▶ [What you will do] Look below for the line containing "htc to make", then write out that line and every line after it to the end, exactly, minus the pictures.

▶ [Recorded information]

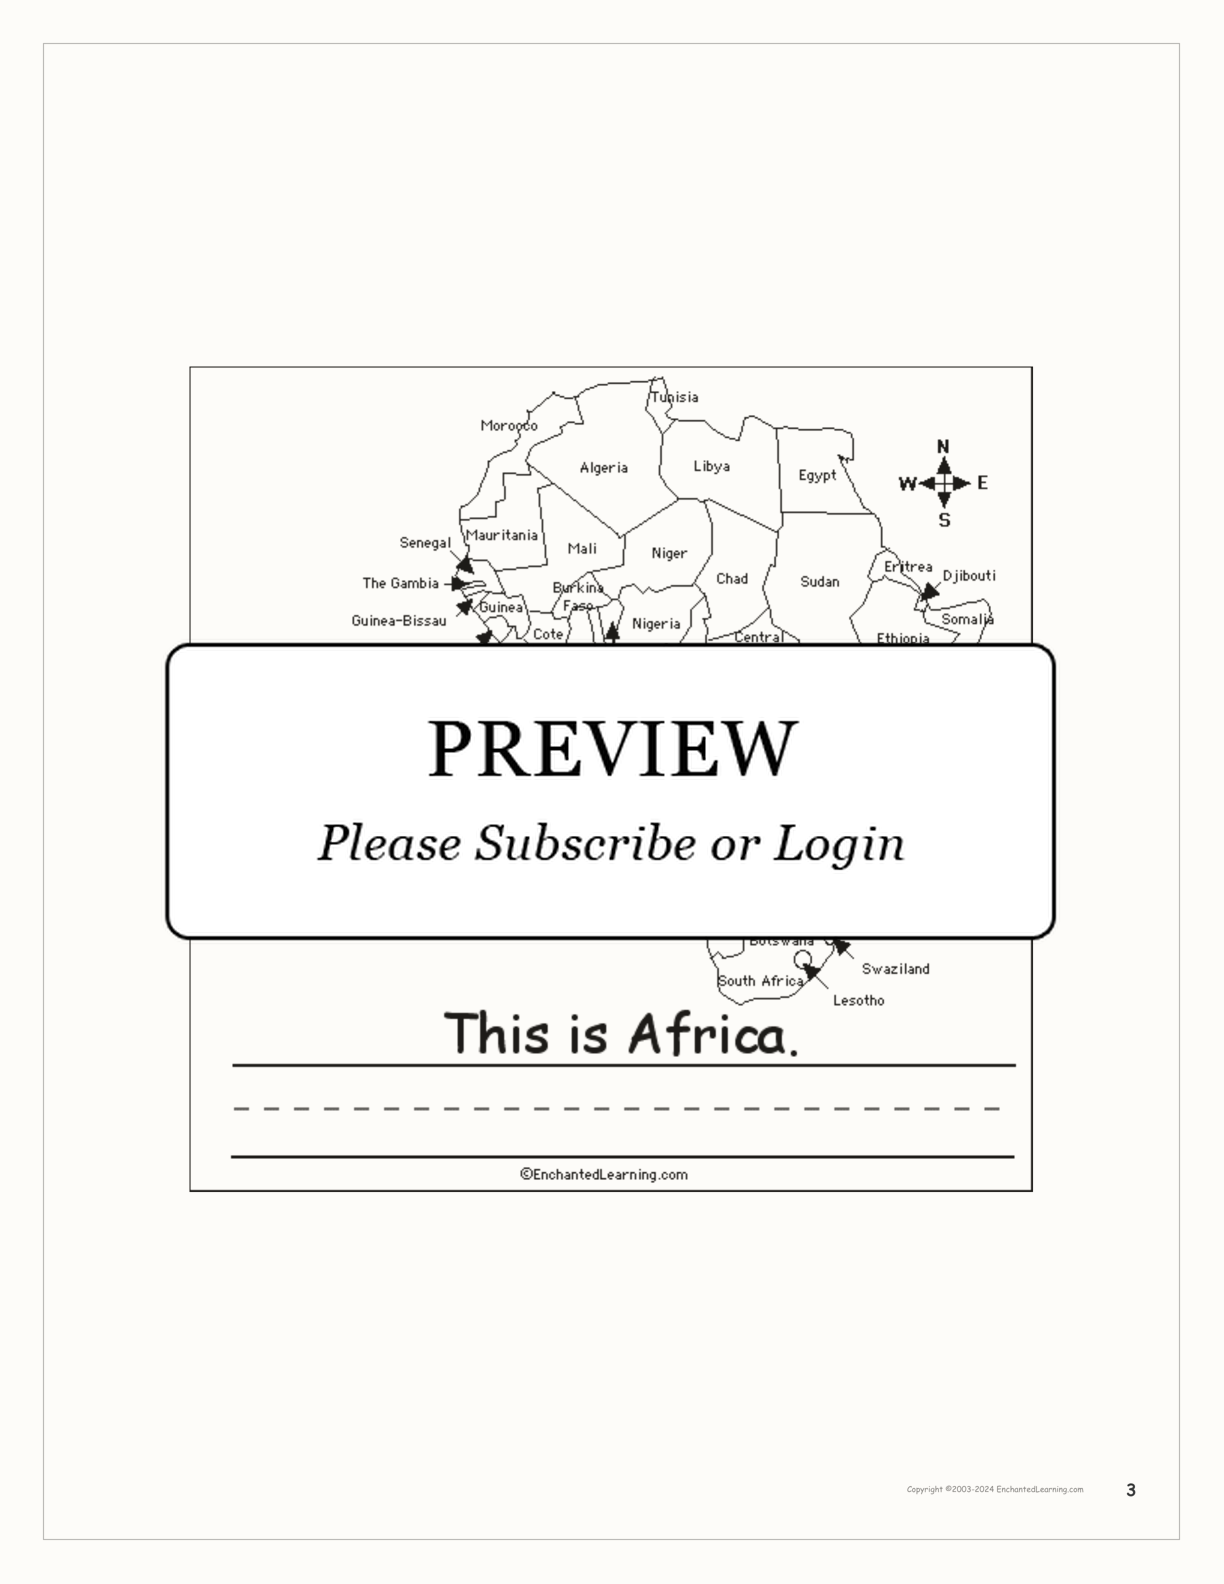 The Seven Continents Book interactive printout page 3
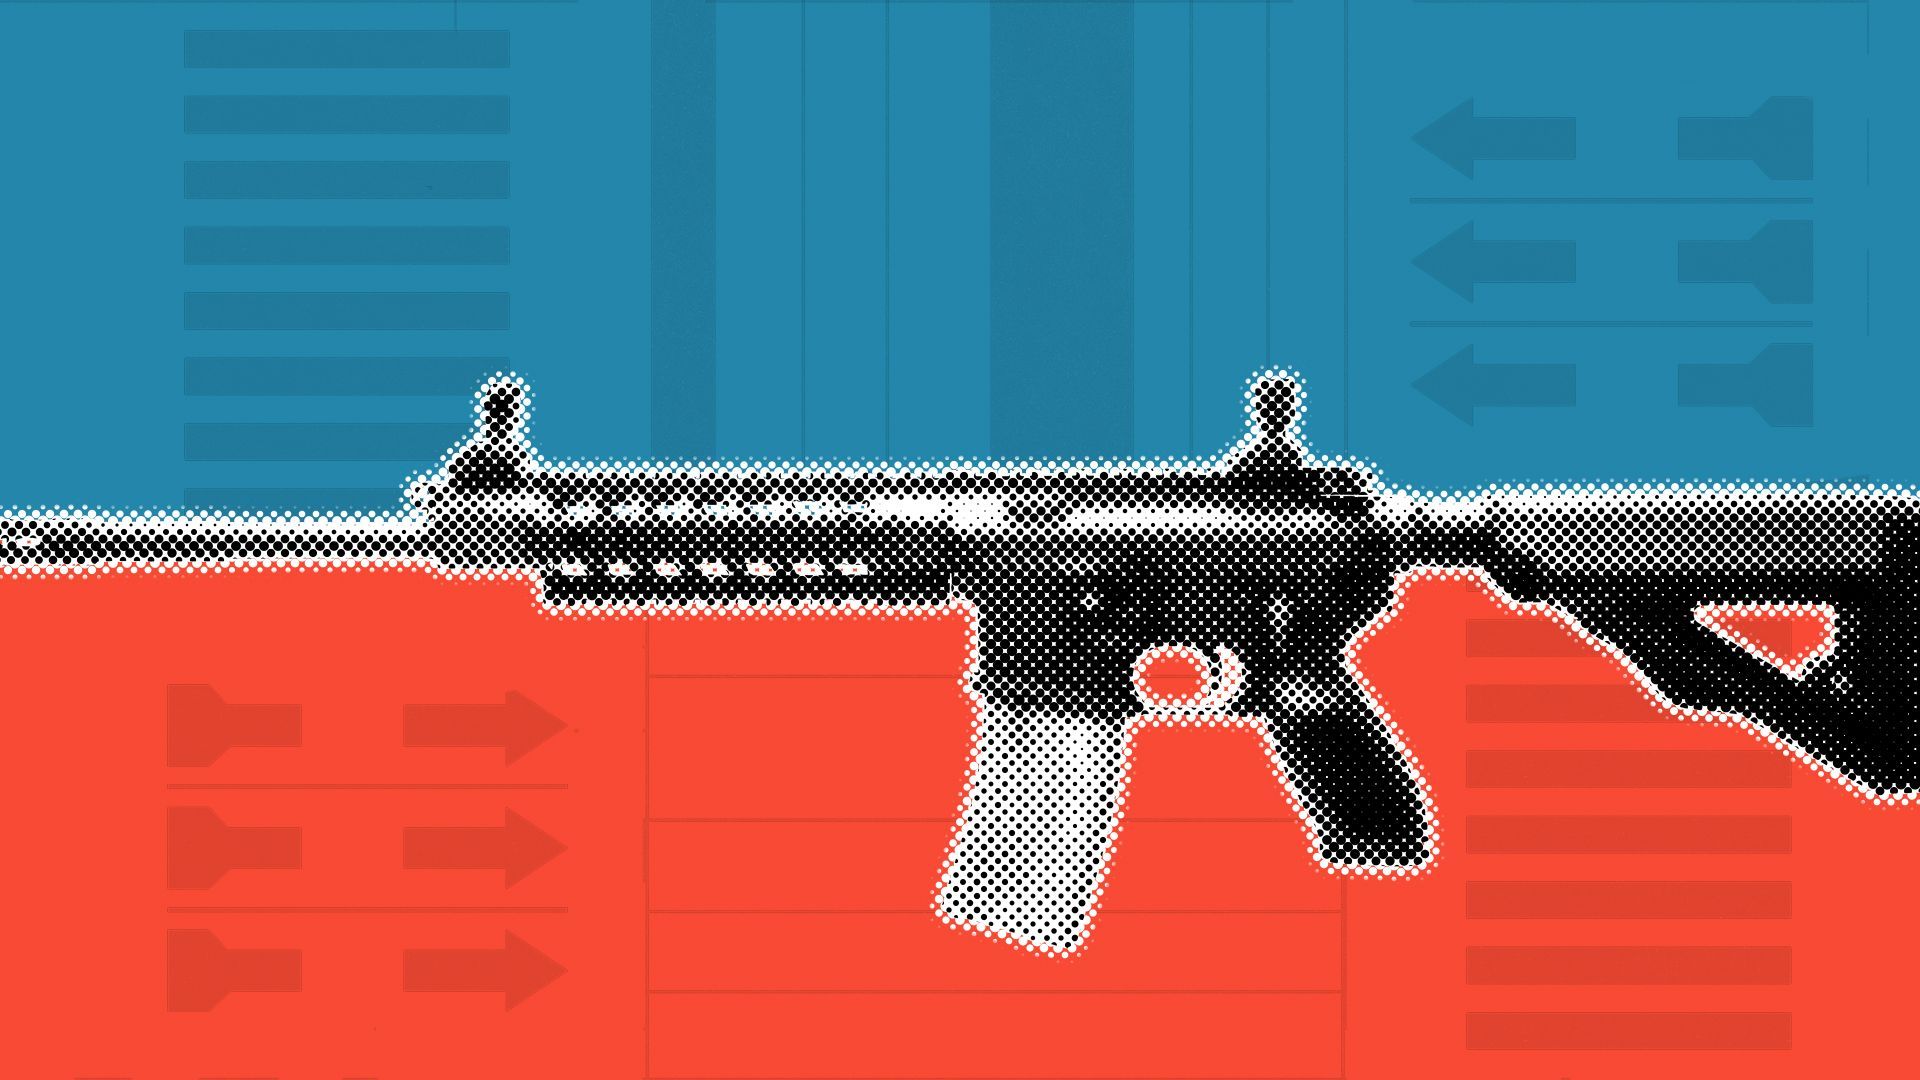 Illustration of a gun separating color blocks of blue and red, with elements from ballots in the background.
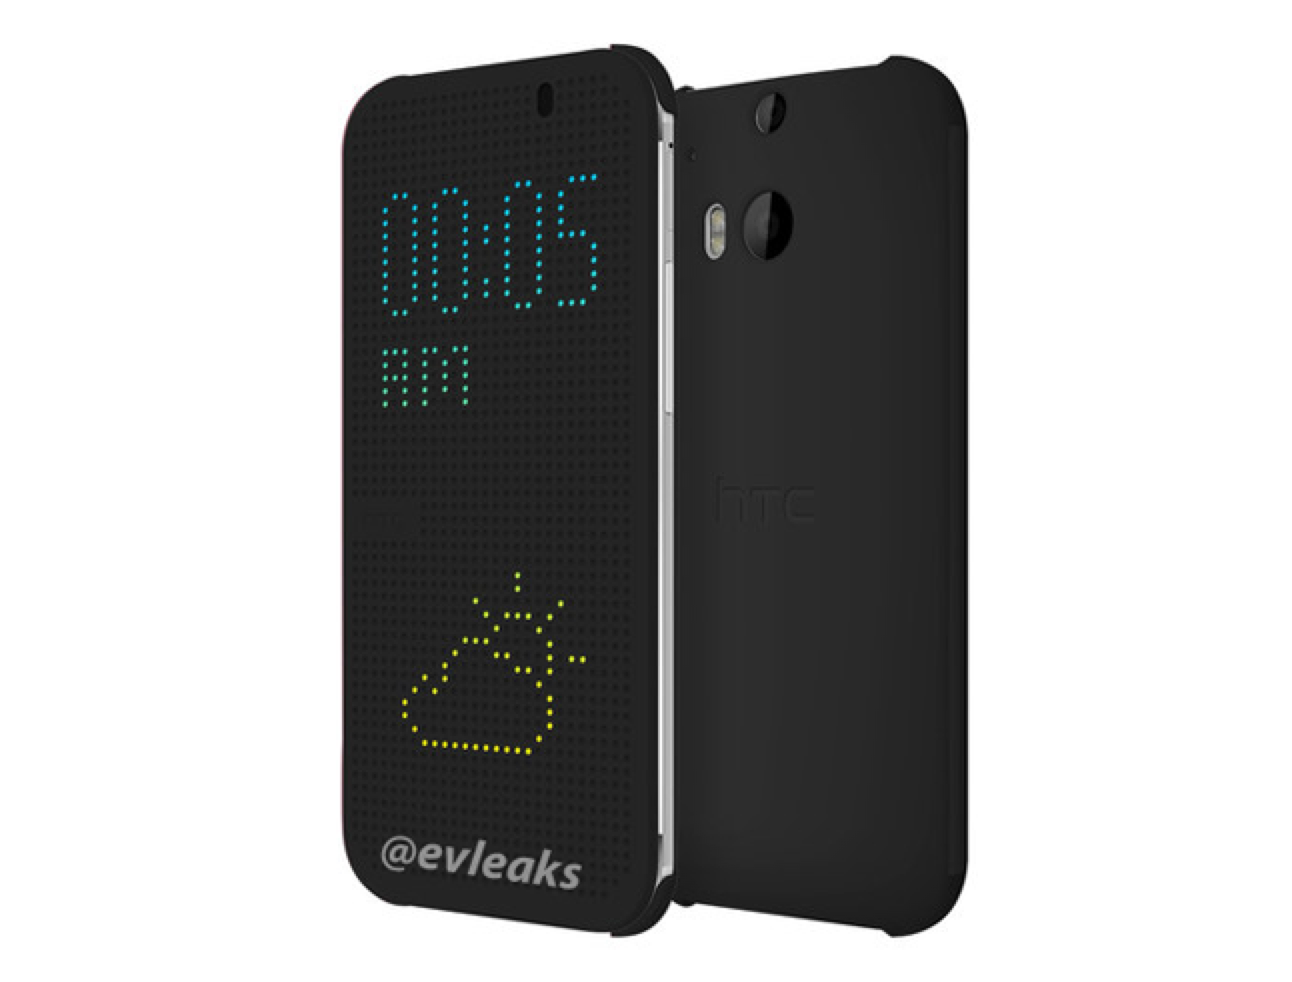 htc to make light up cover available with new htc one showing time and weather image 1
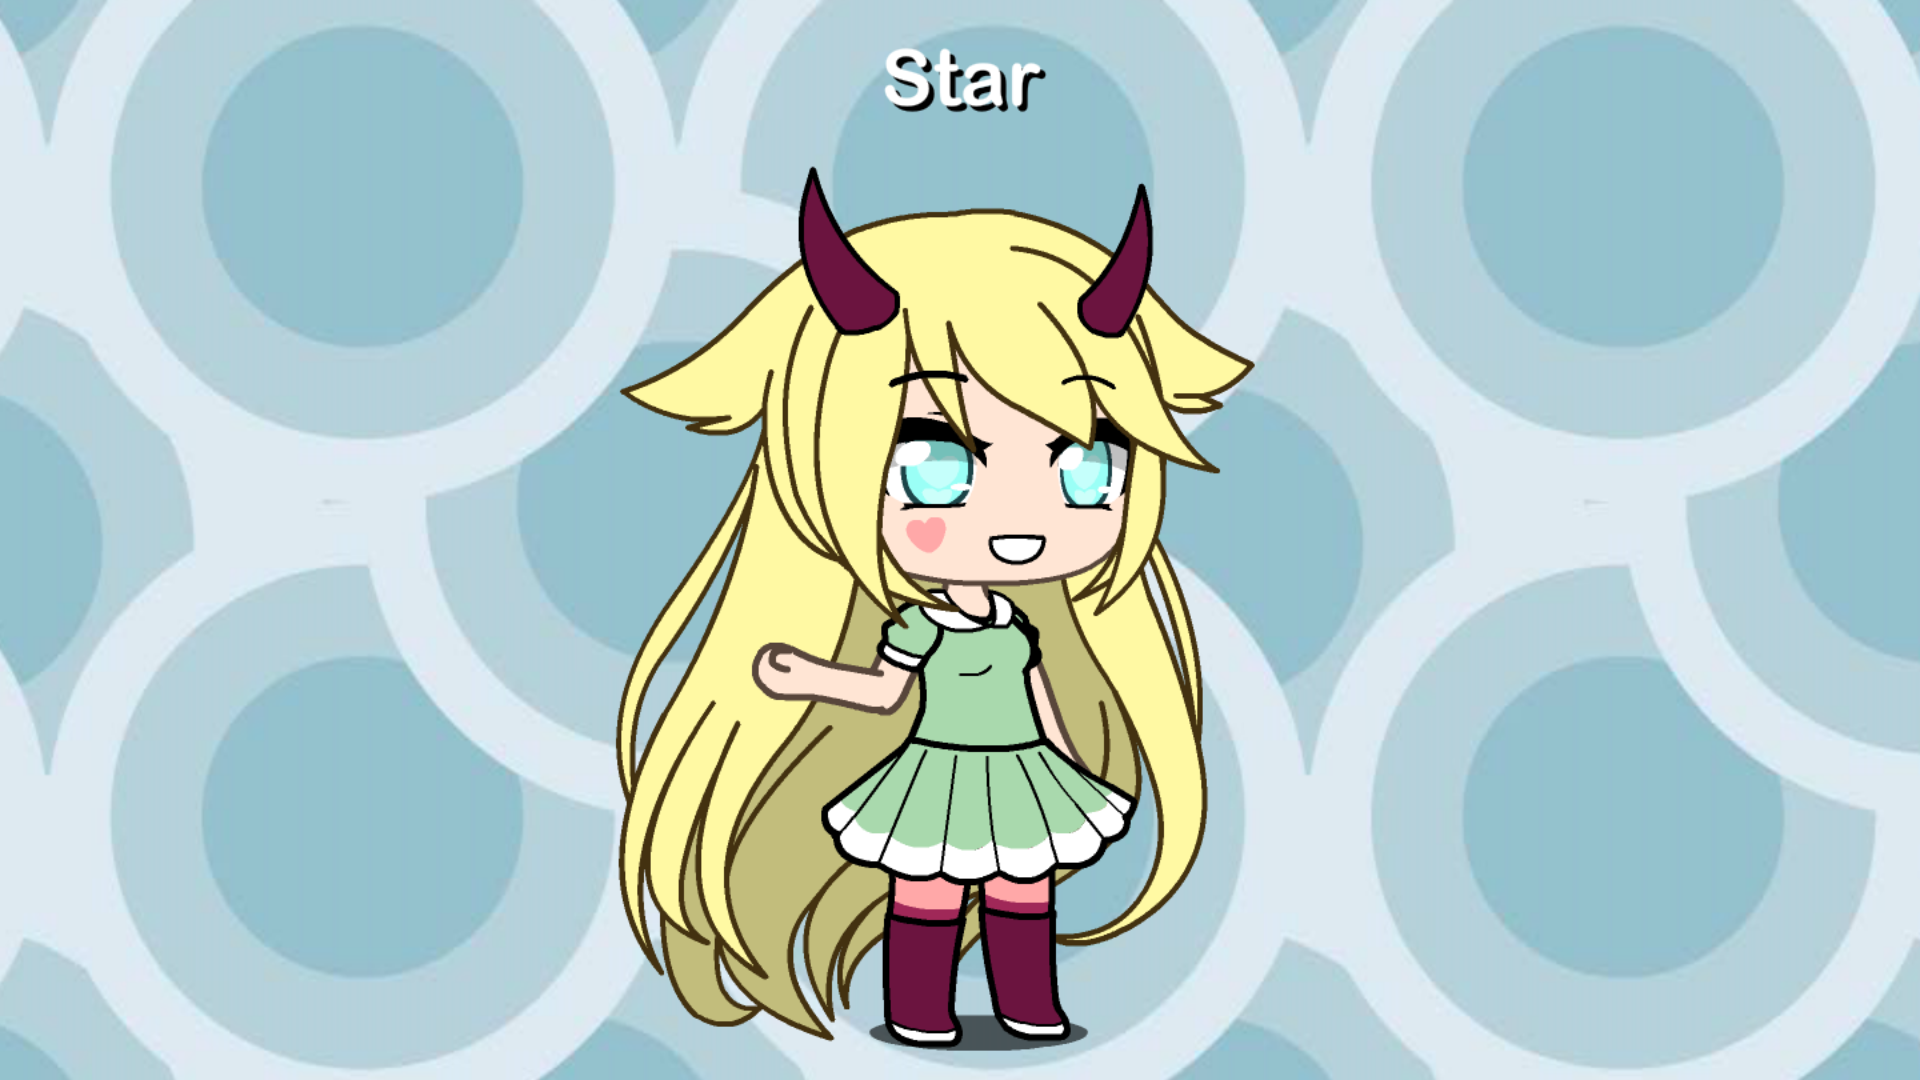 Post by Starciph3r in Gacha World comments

▶ [Written solution]
 htc to make light up cover available with new htc one showing time and weather image 1
 Post by Starciph3r in Gacha World comments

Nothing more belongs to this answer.